What you have to do
For this exercise, copy exactly the lines below from the one with "Parajumpers-OUTLET-SALE-Norton hooded short" through the one with "Nike Cosmic Unity" and leave out the pictures.

Data for processing
-- -- --

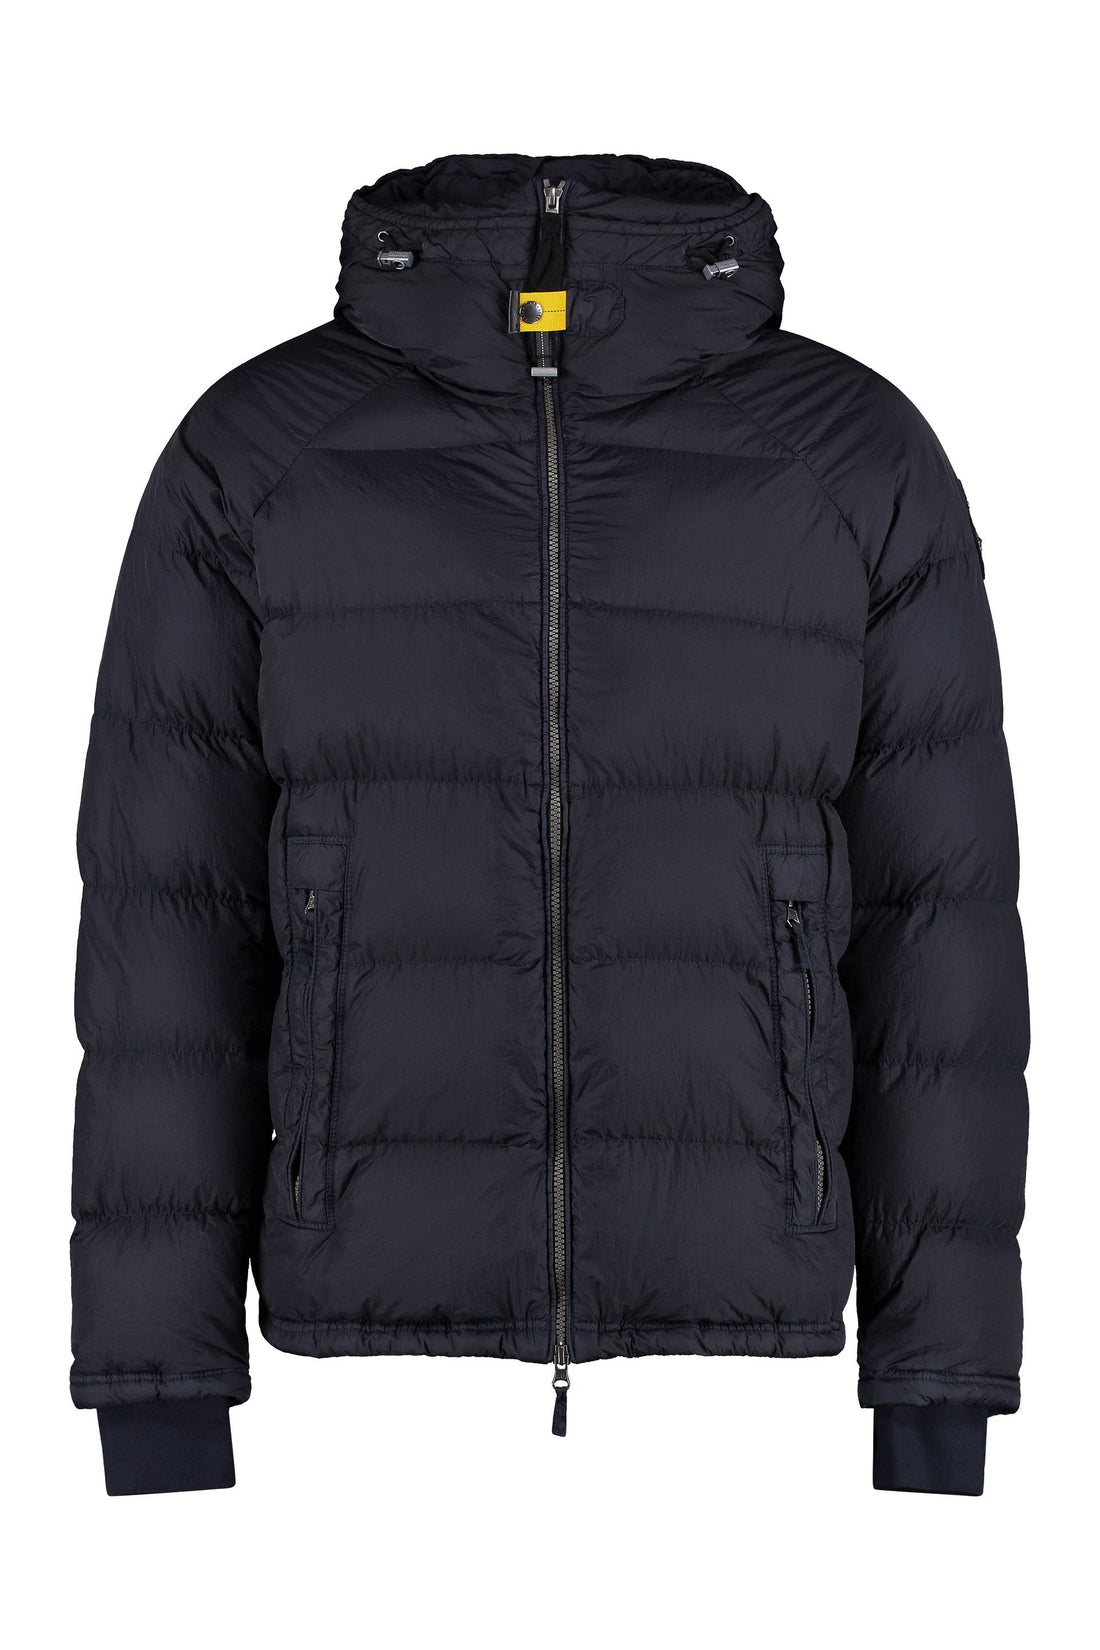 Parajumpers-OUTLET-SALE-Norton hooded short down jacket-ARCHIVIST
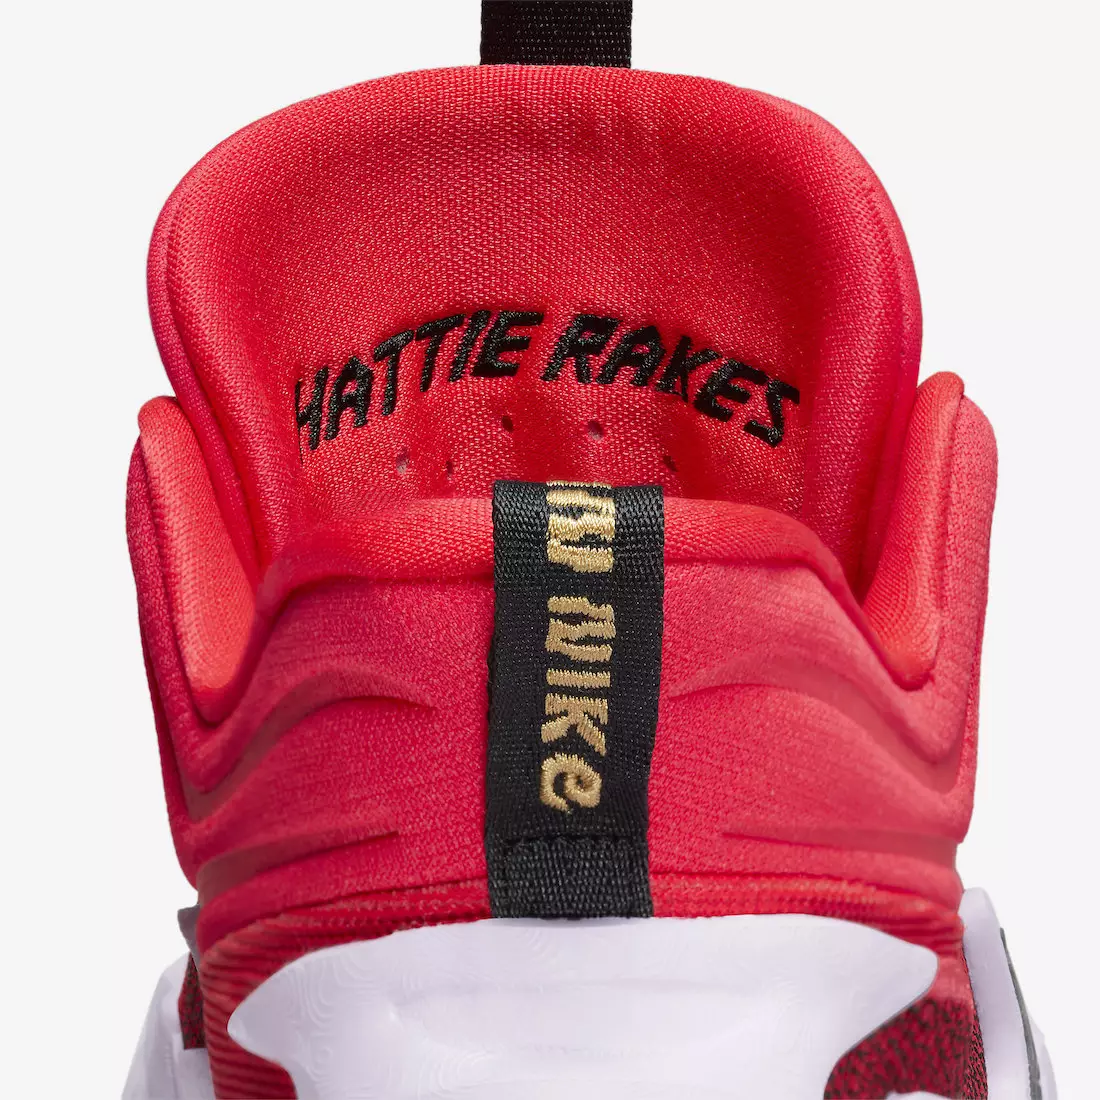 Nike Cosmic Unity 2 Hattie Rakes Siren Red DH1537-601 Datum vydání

-- -- --

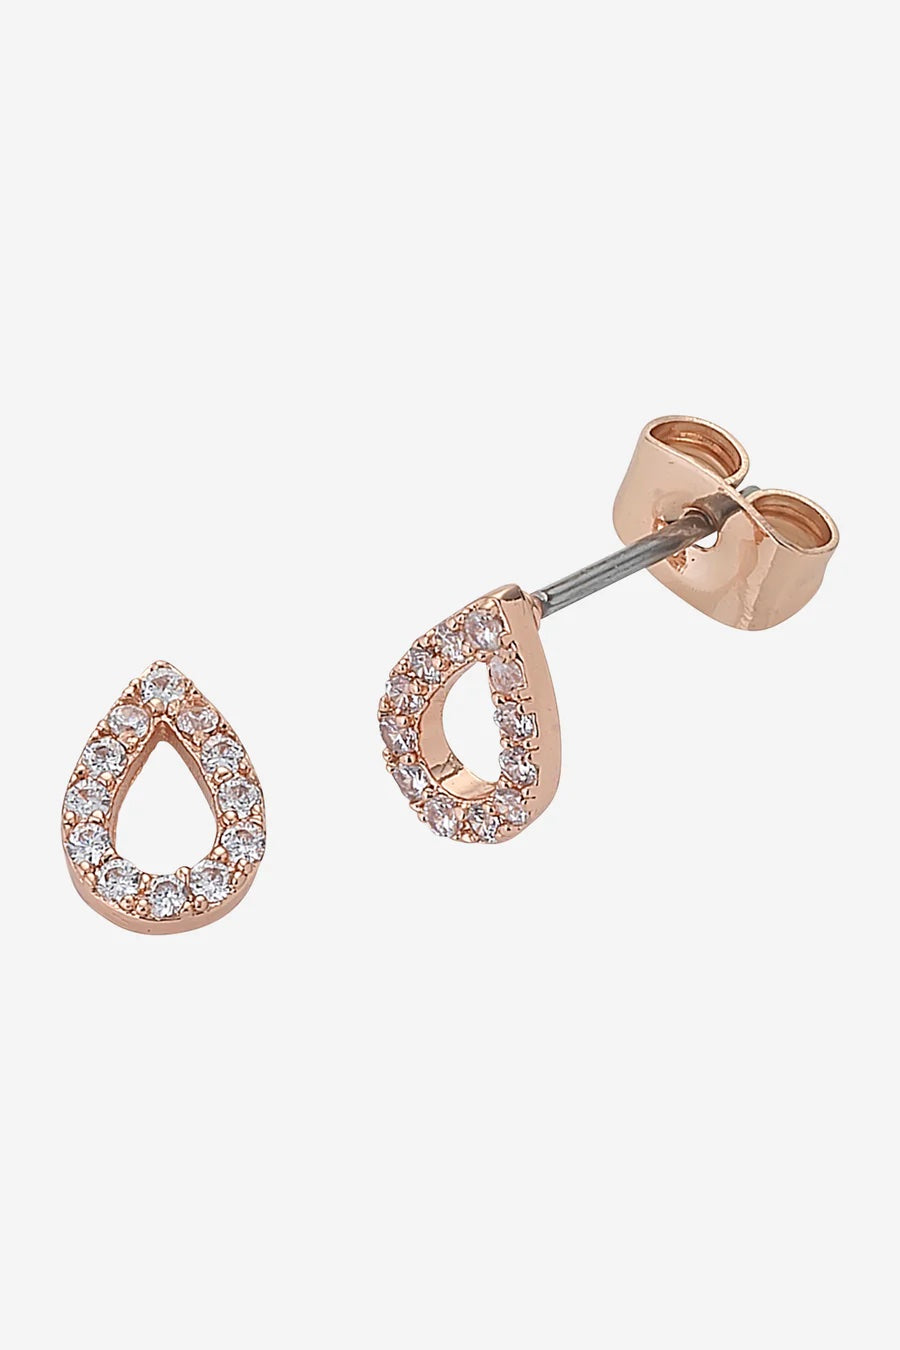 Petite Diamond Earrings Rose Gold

-- -- --

Response
 Parajumpers-OUTLET-SALE-Norton hooded short down jacket-ARCHIVIST
 Nike Cosmic Unity 2 Hattie Rakes Siren Red DH1537-601 Datum vydání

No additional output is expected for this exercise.